- [DIRECTIONS FOR THIS TASK] Lines from the one containing "Dietrich von Angelloch, Abt" through the last line of the data are to be returned exactly, both ends included, minus any pictures.

- [DATA SECTION]
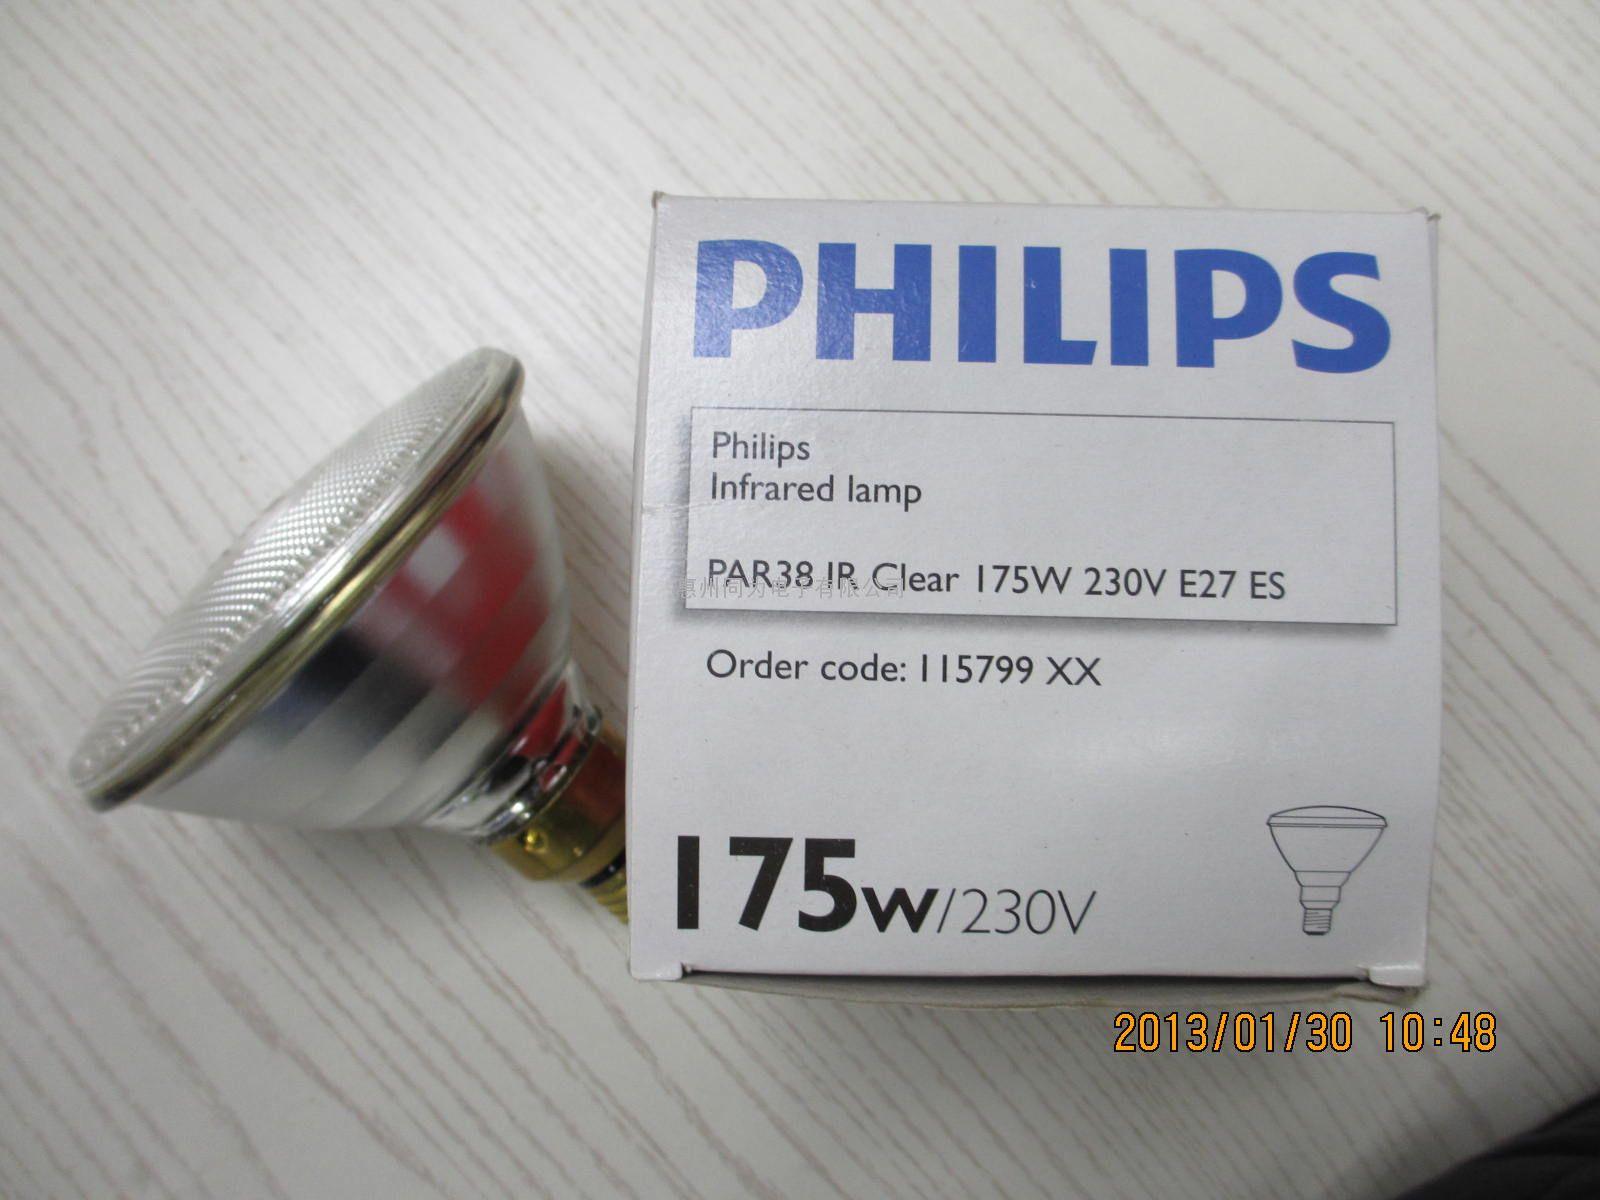 正品品质飞利浦 par38 ir red 175 w 红外线 高清图片
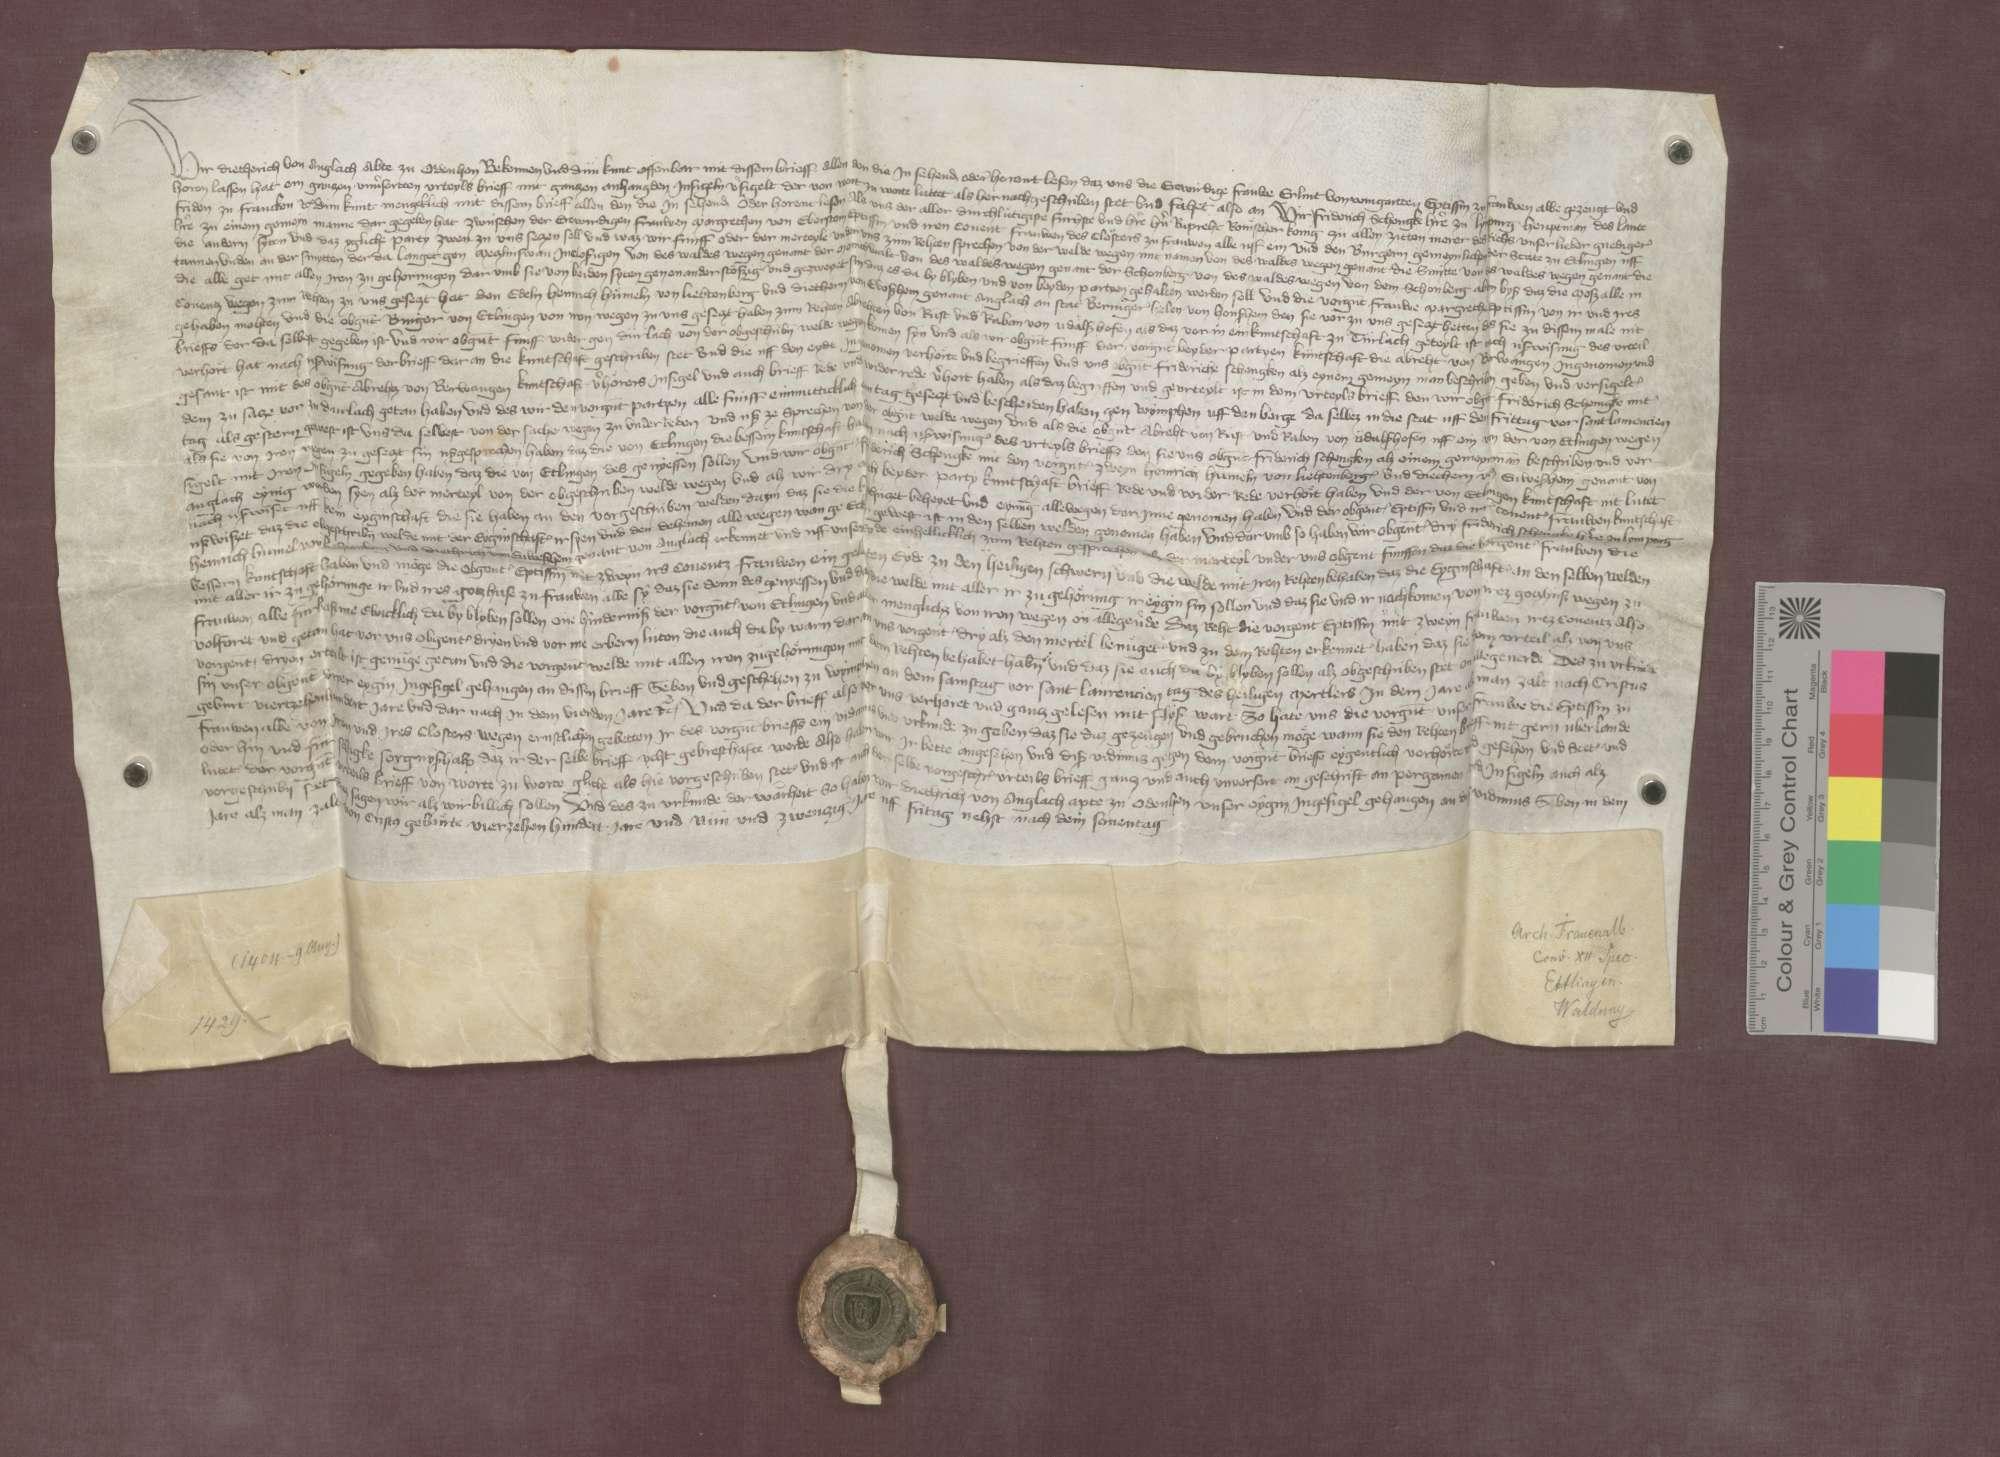 Dietrich von Angelloch, Abt zu Odenheim, vidimiert auf Bitten der Frauenalber Äbtissin Erlind von Weingarten den Schiedsspruch vom 9. August 1404 (GLA 40 Nr. 240 und 241) betreffend die zwischen dem Kloster Frauenalb und der Stadt Ettlingen strittig gewesenen Waldungen., Bild 3
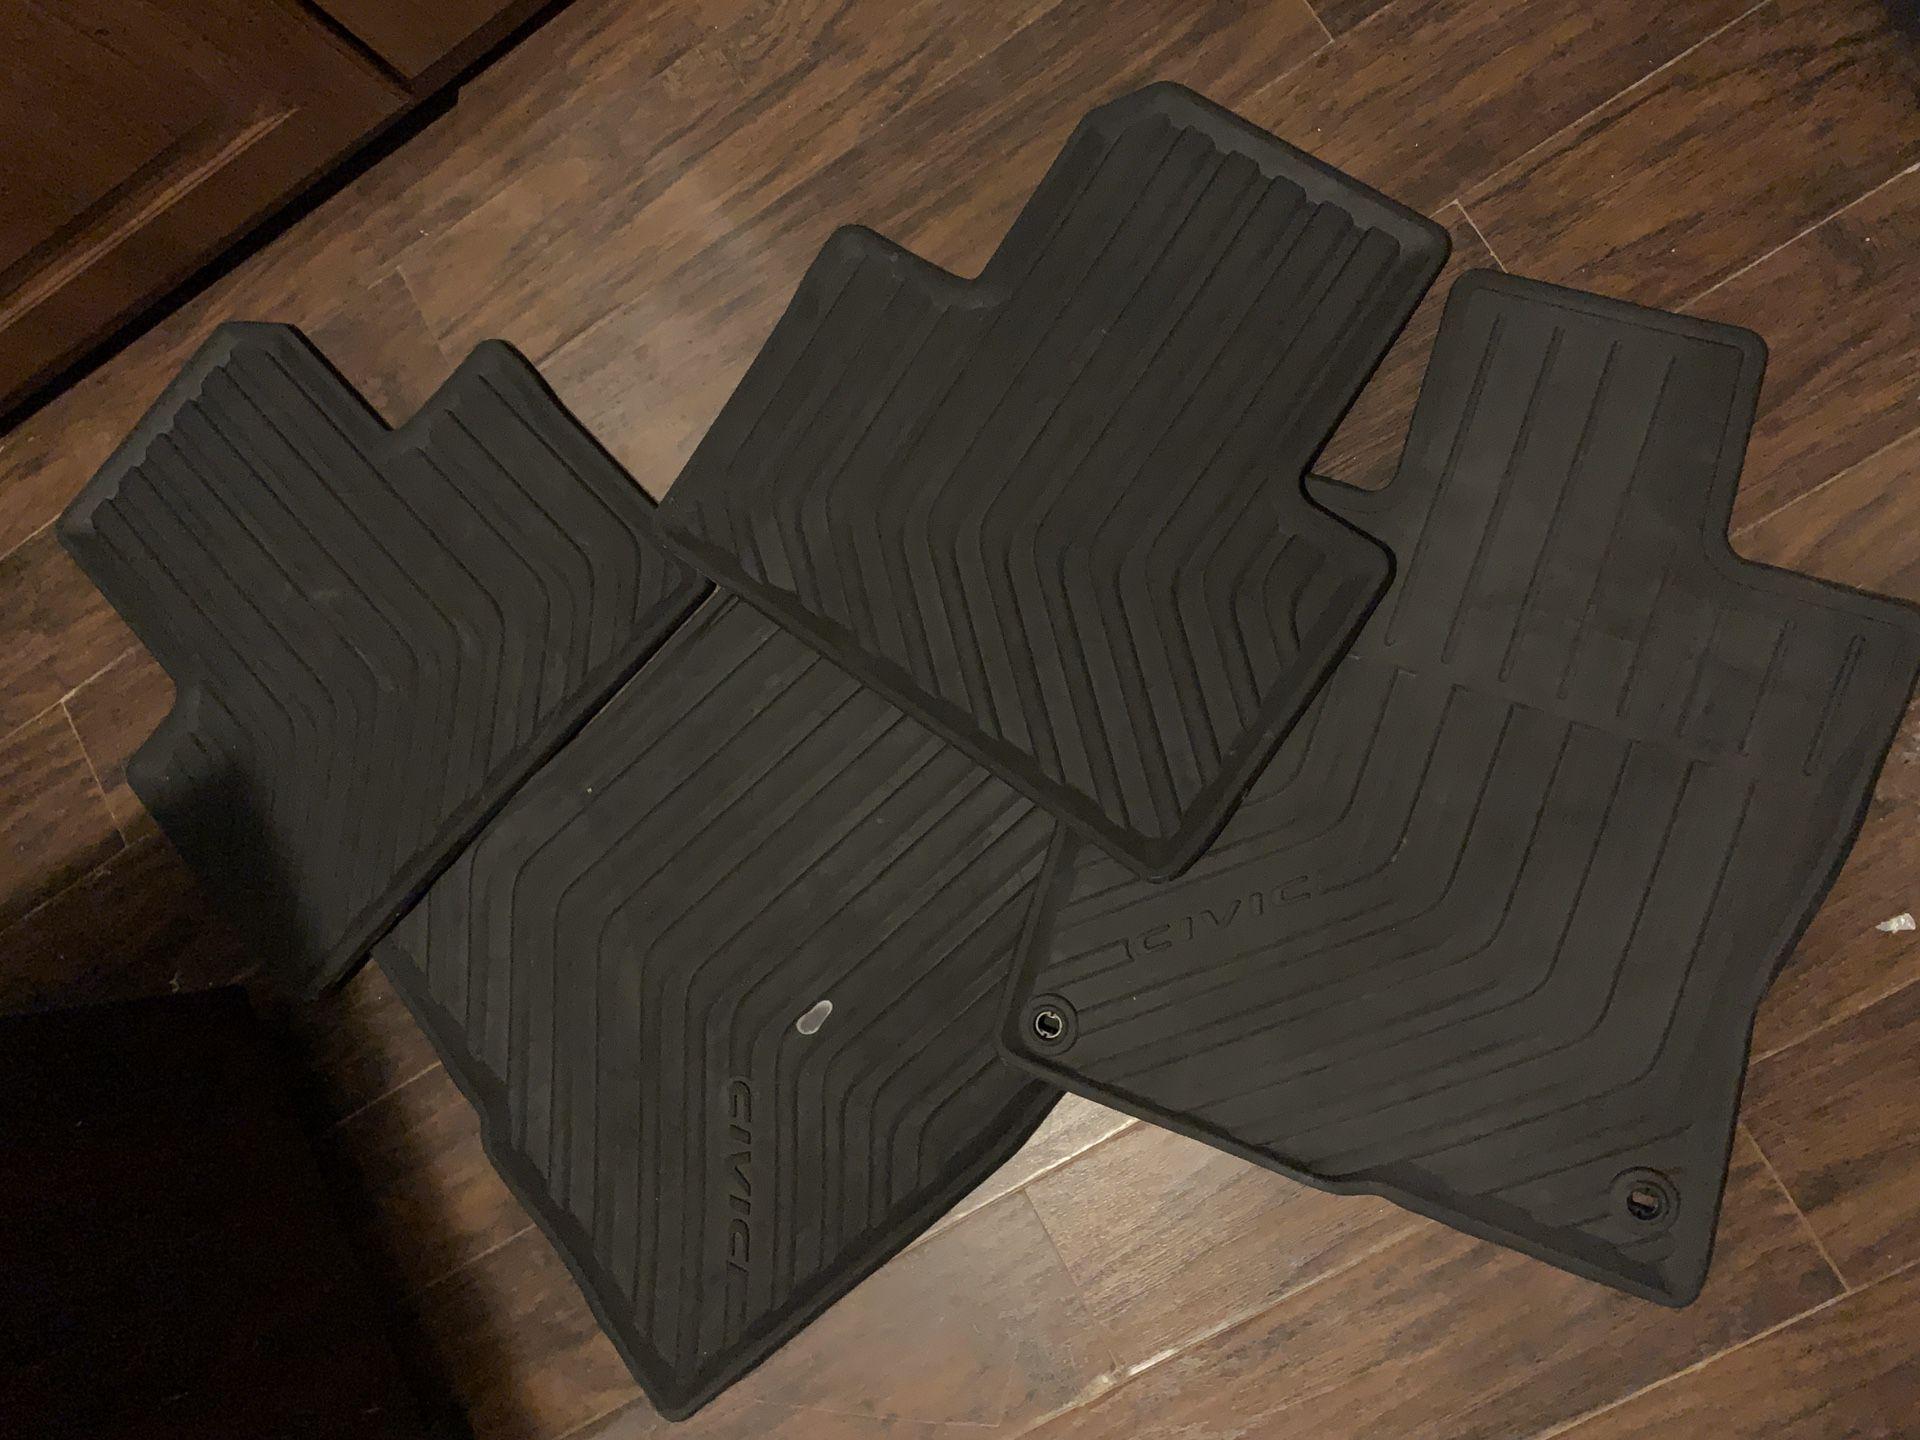 Honda Civic floor mats

- [RESPONSE AREA]
 Dietrich von Angelloch, Abt zu Odenheim, vidimiert auf Bitten der Frauenalber Äbtissin Erlind von Weingarten den Schiedsspruch vom 9. August 1404 (GLA 40 Nr. 240 und 241) betreffend die zwischen dem Kloster Frauenalb und der Stadt Ettlingen strittig gewesenen Waldungen., Bild 3
 Honda Civic floor mats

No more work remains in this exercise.